June 21, 2003
Harry Potter Craziness
This morning, at 12:01 Harry Potter and the Order of the Phoenix was unleashed upon children and those young at heart. With little trouble you should be able to find plenty of reports on Harry Potter Mania all over the world. But here, for you, is this humble correspondent's report from the center of the publishing whirlwind.
I arrived at 6:00 pm yesterday evening. It was quiet, too quiet. If you walked in at that time you'd never expect the swarms of people who would be there in just a few hours.
Above, you see a few thousand books waiting to be read by eager readers all over the Milwaukee area.
Expecting people to sit in line for hours waiting for the book (Greg Packer wannabes no doubt) my store had a system where customers who pre-ordered the book would get a colored ticket. The color would determine when they would be in line. The order went just like the color spectrum--Roy G. Biv--red, then orange, then yellow, and so on. That solved that problem.
Besides dealing with the biggest crowds I've ever seen in the store, our biggest concern/question had to do with people wanting copies of the book when they didn't pre-order it. My store alone took over 2000 pre-orders--one of the best performances of any store in the company--so we weren't sure there would be any left after all the orders were taken. With all the media hype in the past months and weeks, I was surprised that so many people thought they would be able to just call a bookstore and expect a book, but many did. A mild let down was delivered when I told them the chance of getting a book today were slim, but I would be glad to order a copy for them when a new shipment arrived.

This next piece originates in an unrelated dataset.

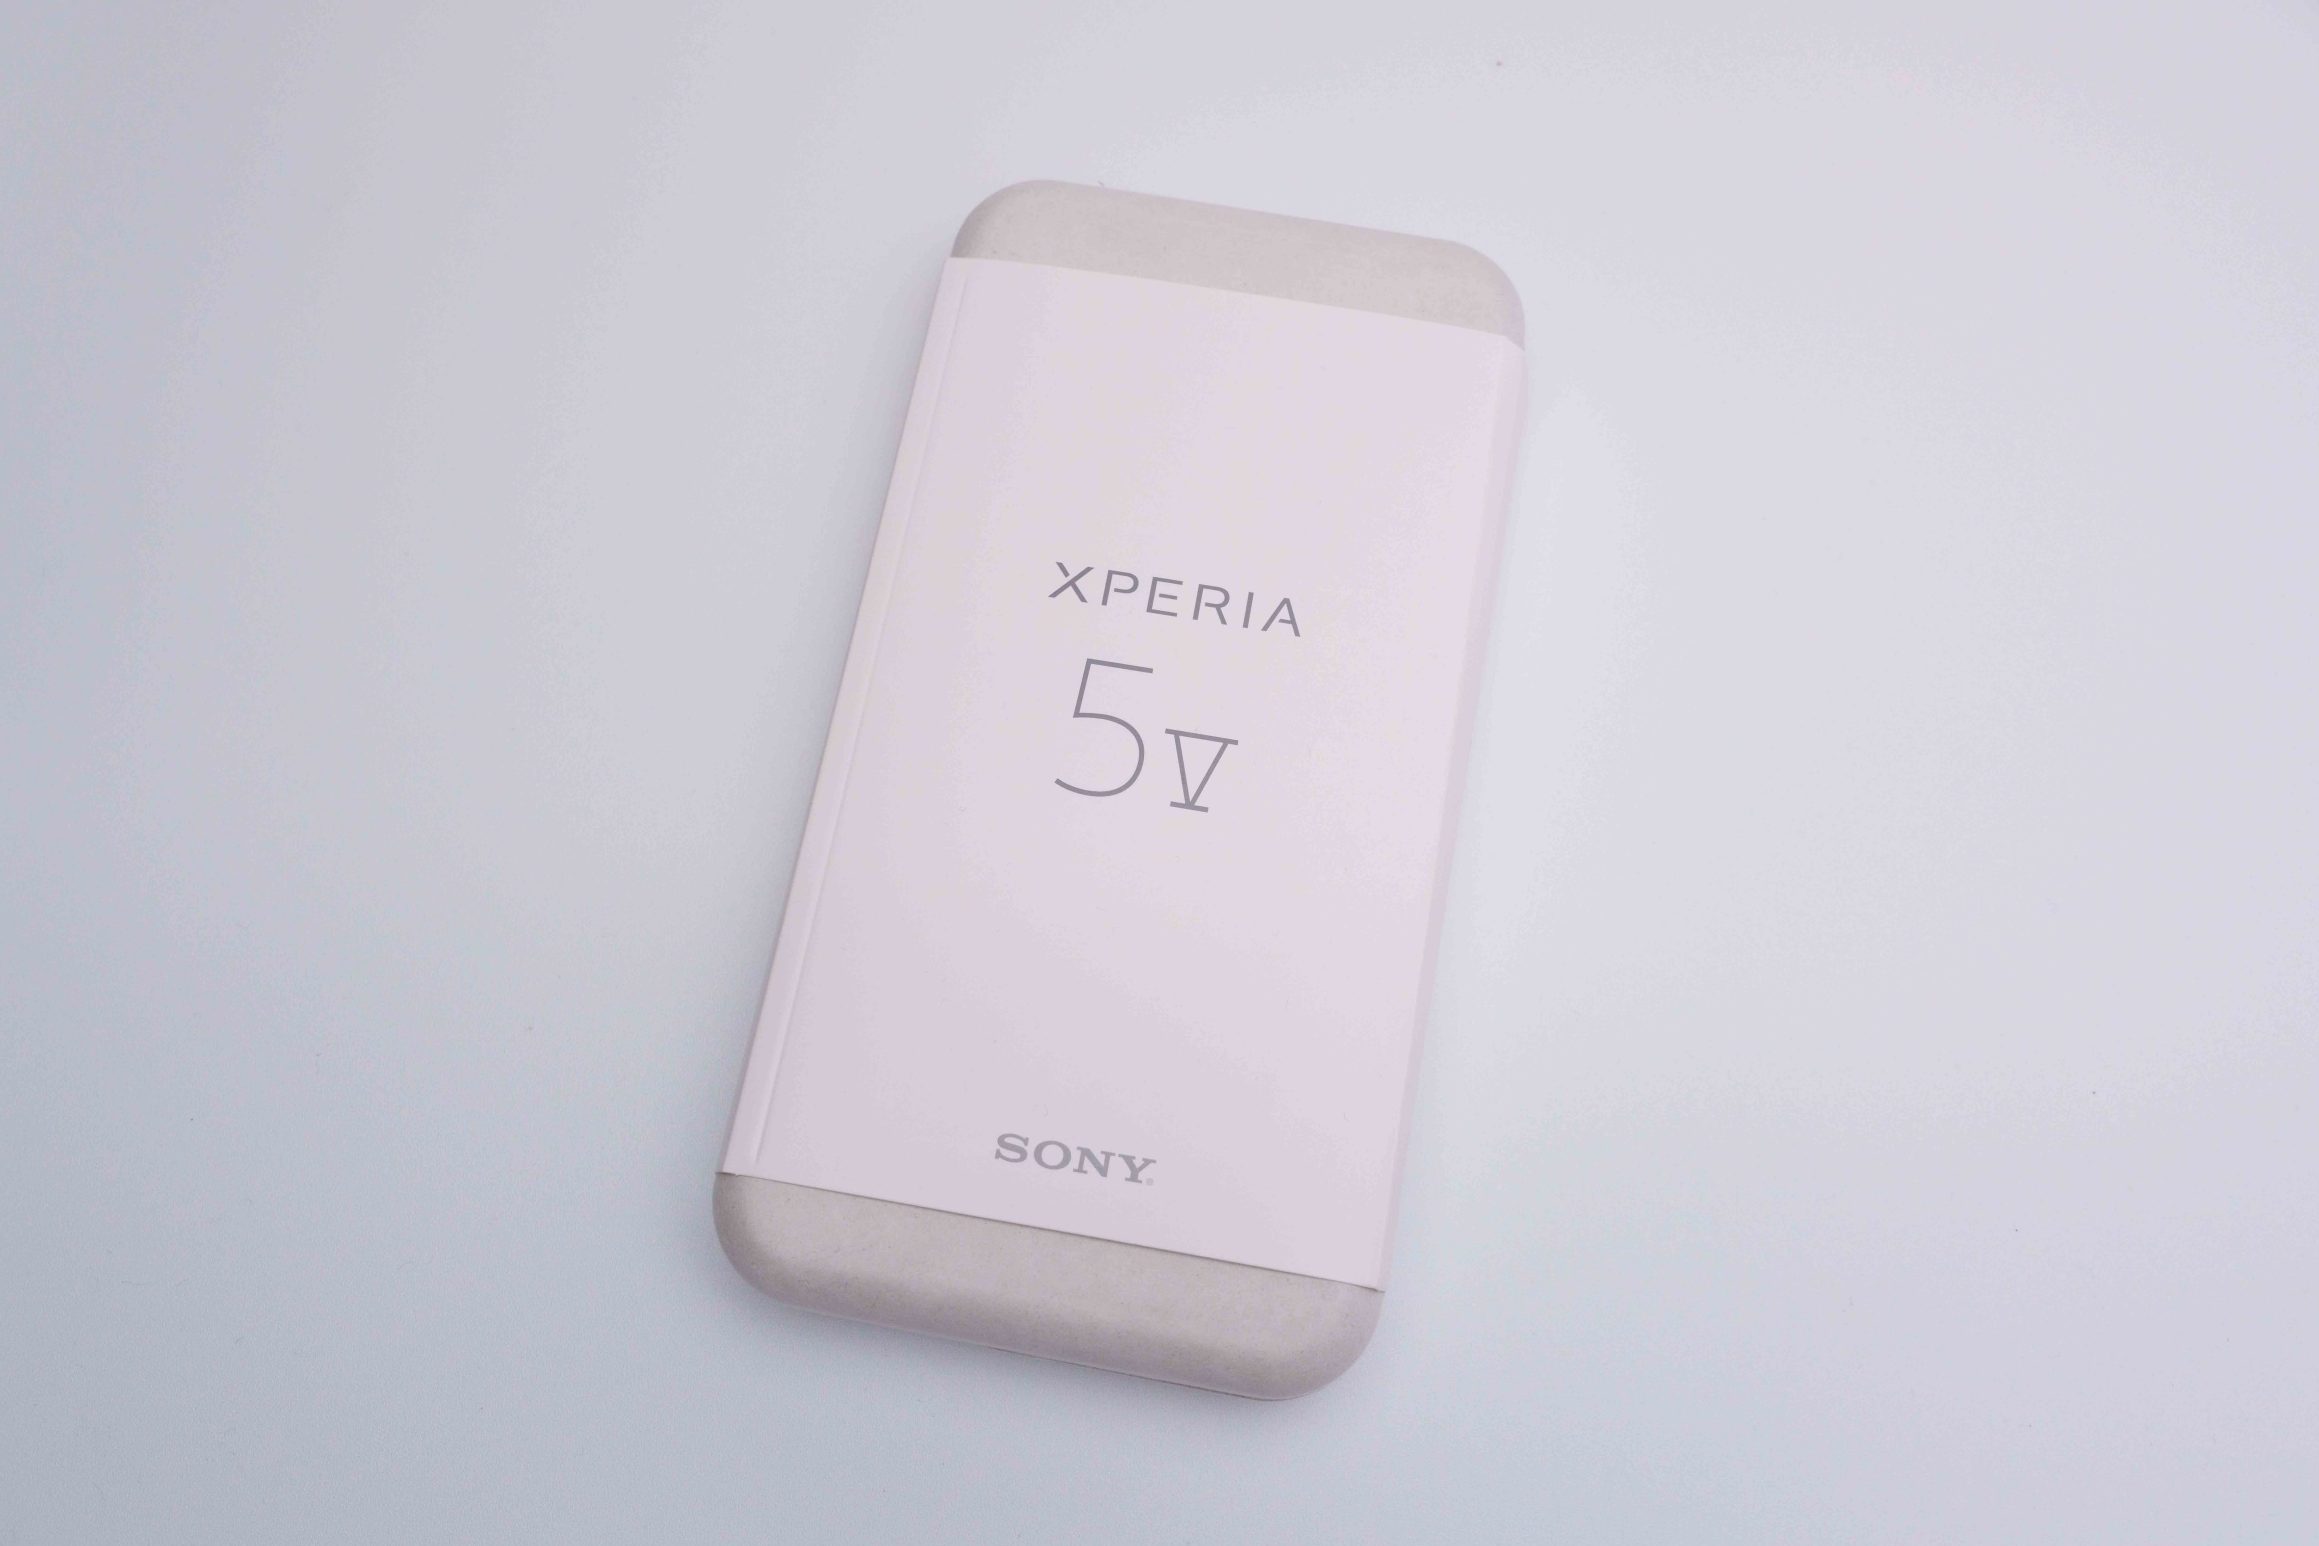 Xperia 5 Vパッケージ

Throughout the night the phone rang constantly with questions about the book's availablity and what games and events we were having. People came and went, but didn't hang around until 9:00. My boss and I figured people went to see a movie (my store is part of a mall with a theater) then came to get their book. First Hulk, then Harry.
By 10:00, people arrived to take part in Harry Potter trivia games, indoor quidich, and having their picture taken with the young wizard himself (my gig). Just walking through the store became a course filled with living, breathing, and moving human obstacles. The constant motion of answering phones, getting materials for events, and preparing for the book sale all the while avoiding people had me wiping my brow a few times.

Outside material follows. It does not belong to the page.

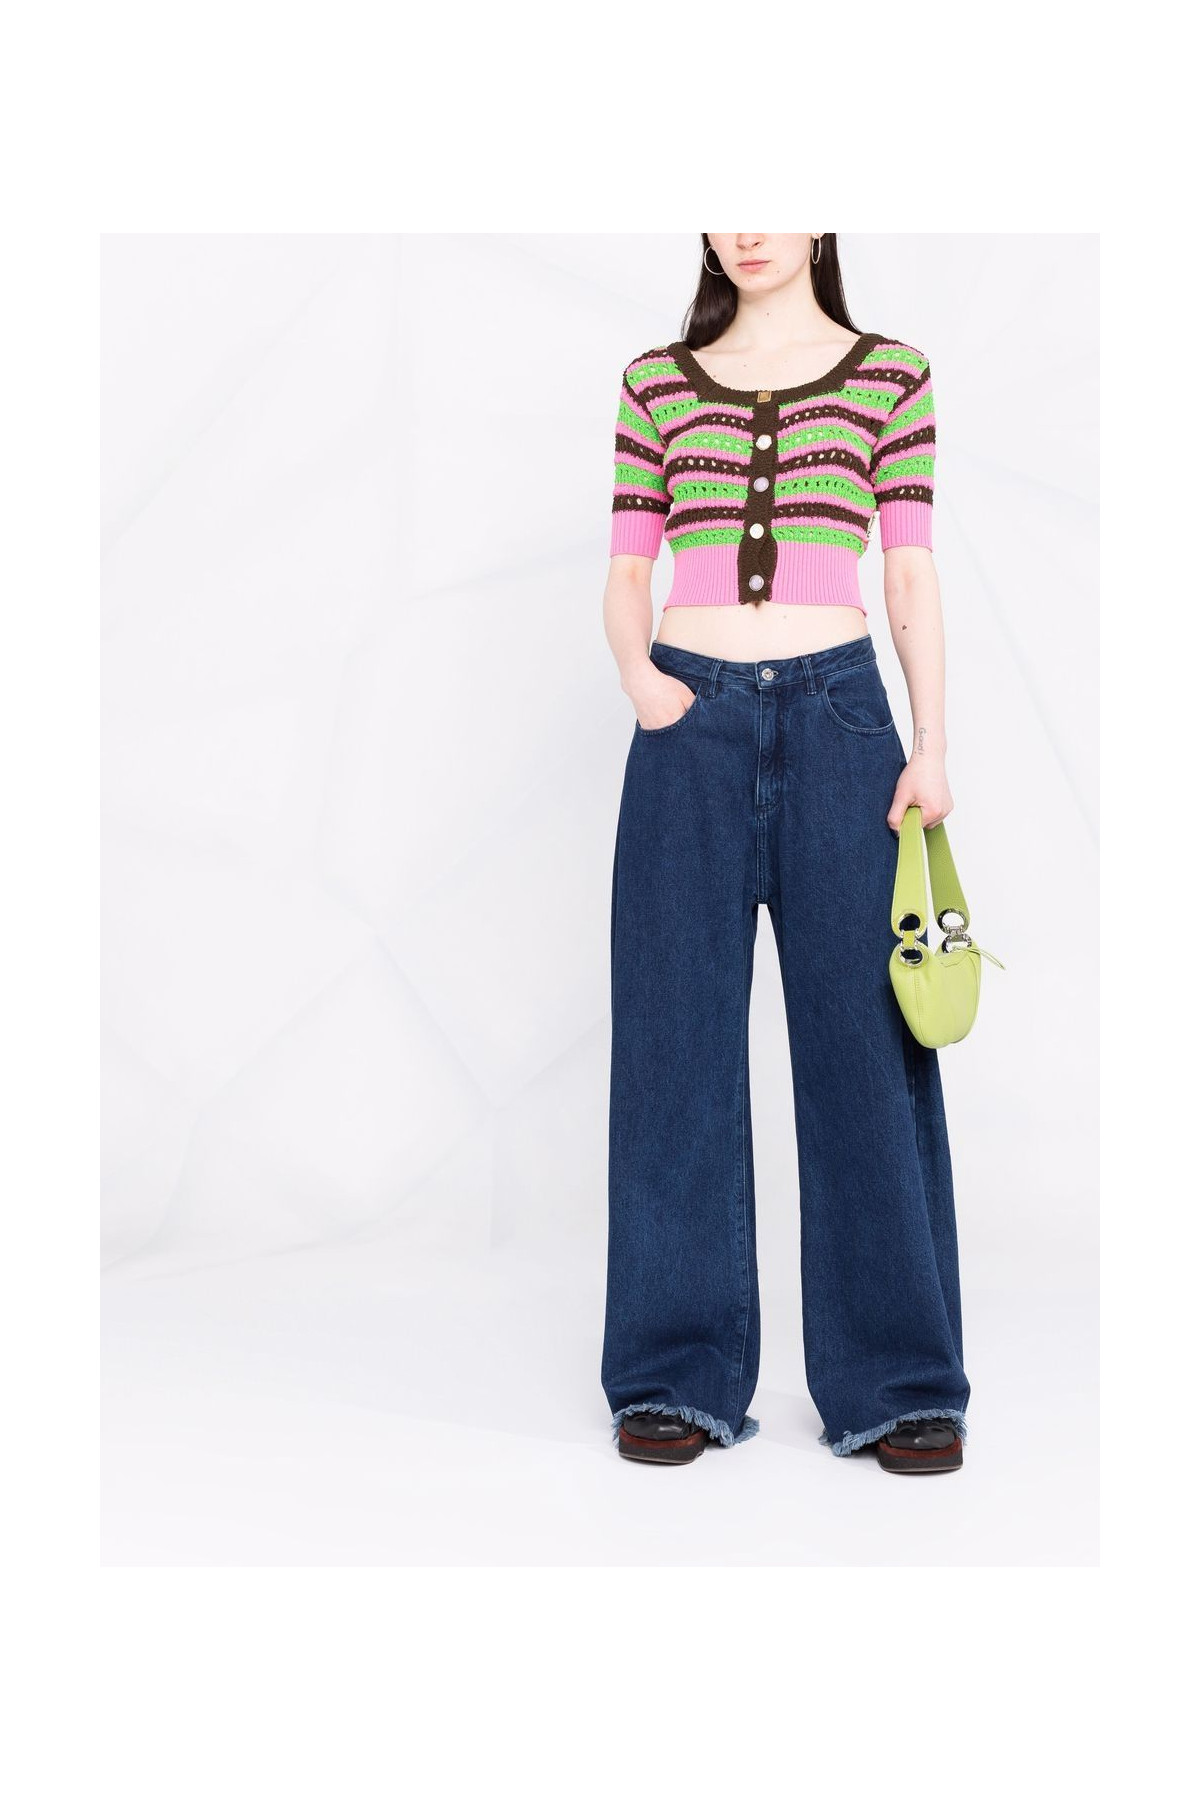 Choi Jewel Buttons Stripe Cardigan ATB737W

At around 11:30, the first group of people was allowed into lines by our cash registers. I got the job of trying to get them to form orderly lines and keep things moving smoothly. I was in the mass, in the middle of the beast making sure it didn't get out of control. My boss got worried because he couldn't see me in the crowd. The customers were in good spirits. Many of the kids told me they were waiting for this moment for years. I figured their yearning for the next book started a week after they finished the fourth Harry Potter book. A few chit-chatted with me about how wild an event this was.
The clock ticked away, and finally 12:01 came and the fifth Harry Potter book was set free. I was doing alright. The adrenaline was flowing; I was feeding off the energy of the crowd. I directed people to a cash register where they got their book and made sure there was room so people could get out of everybody else's way.

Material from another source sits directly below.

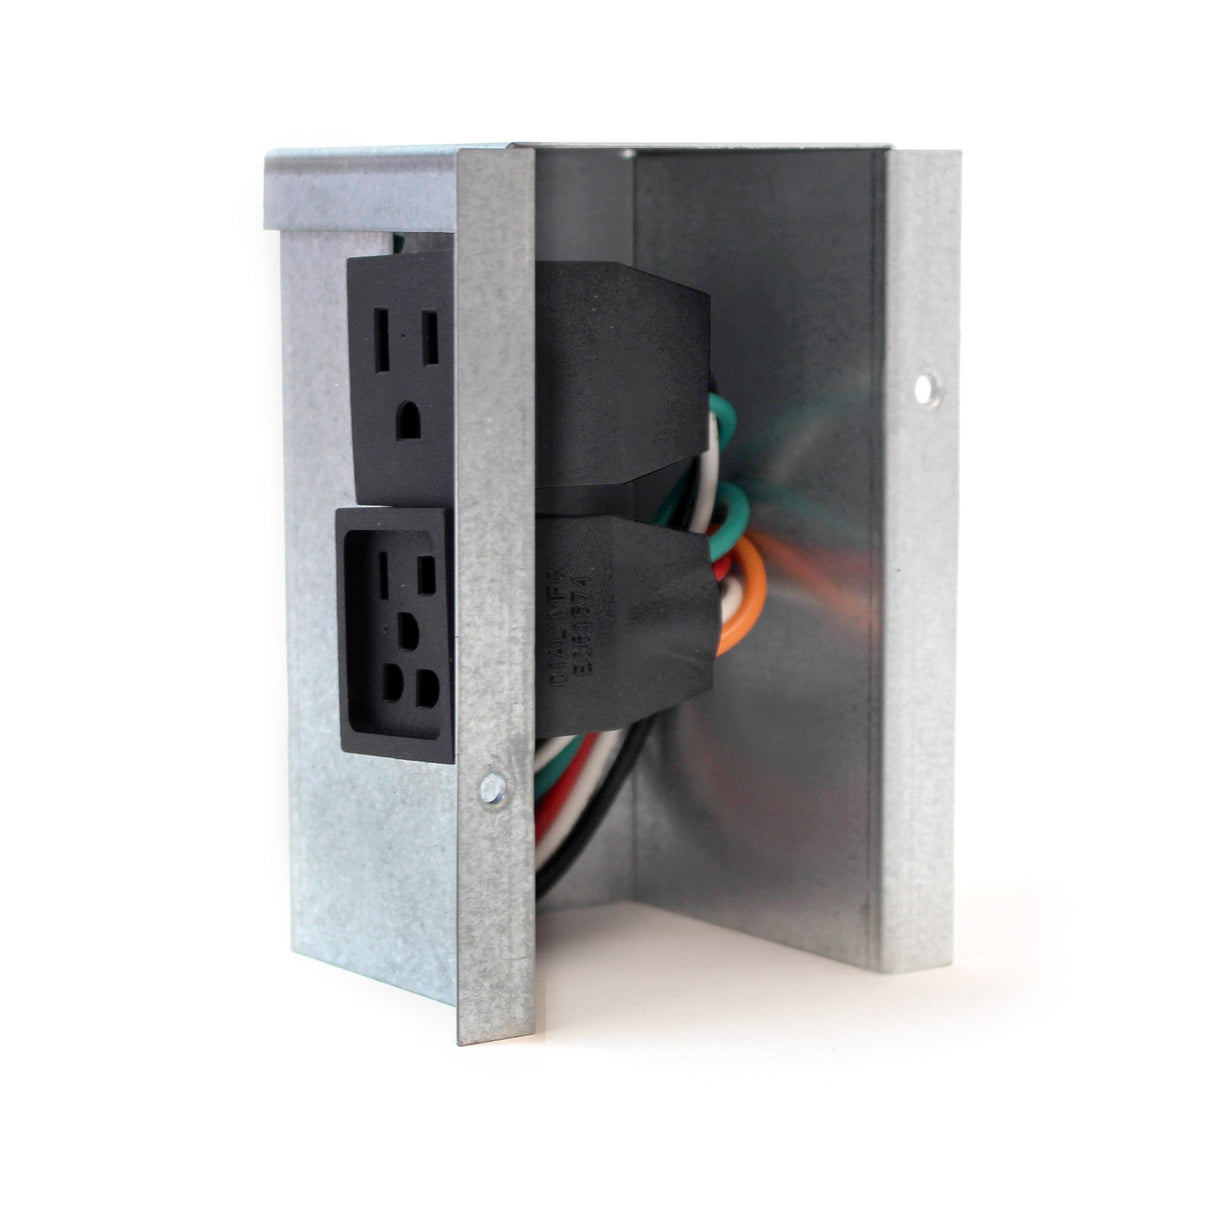 Caja de conexiones eléctricas interior de dial (kit de cableado de refrigerador de 230 V)

Eventually, the energy rush faded. Making sure people stay in some sort of line and not butt in front of each other was hard work. After about an hour, I was getting tired, but there wasn't much I could do because a few hundred people were still in line. One customer told me it was hot, hot like at a concert. When you get a lot of people together in a small area, the temperature rises. Thankfully, people's temper didn't.
The colors were called out, people quickly got in line, and received their books. Even a few lucky ones who just stopped by hoping to buy one lucked out. Anyone who came to the store wanting a book ended up with one. There were plenty of happy customers and some very tired booksellers.
As you can see, the stacks were diminished, and tired booksellers went home.
On my way home, I stopped by a Wal-Mart open 24 hours to see how the Potter Mania was.
The store was still in one piece. Inside, I saw two small pallets of books. I asked a cashier how it was this morning, and she told me it was pretty crazy.
After going through last night/this morning I'm tempted to knock off J. K. Rowling before she finishes another book. Or for something less cruel to all her fans (killing her would be like killing George Lucas before he finishes the Star Wars series) I want Harry Potter #6 to be a digital download only.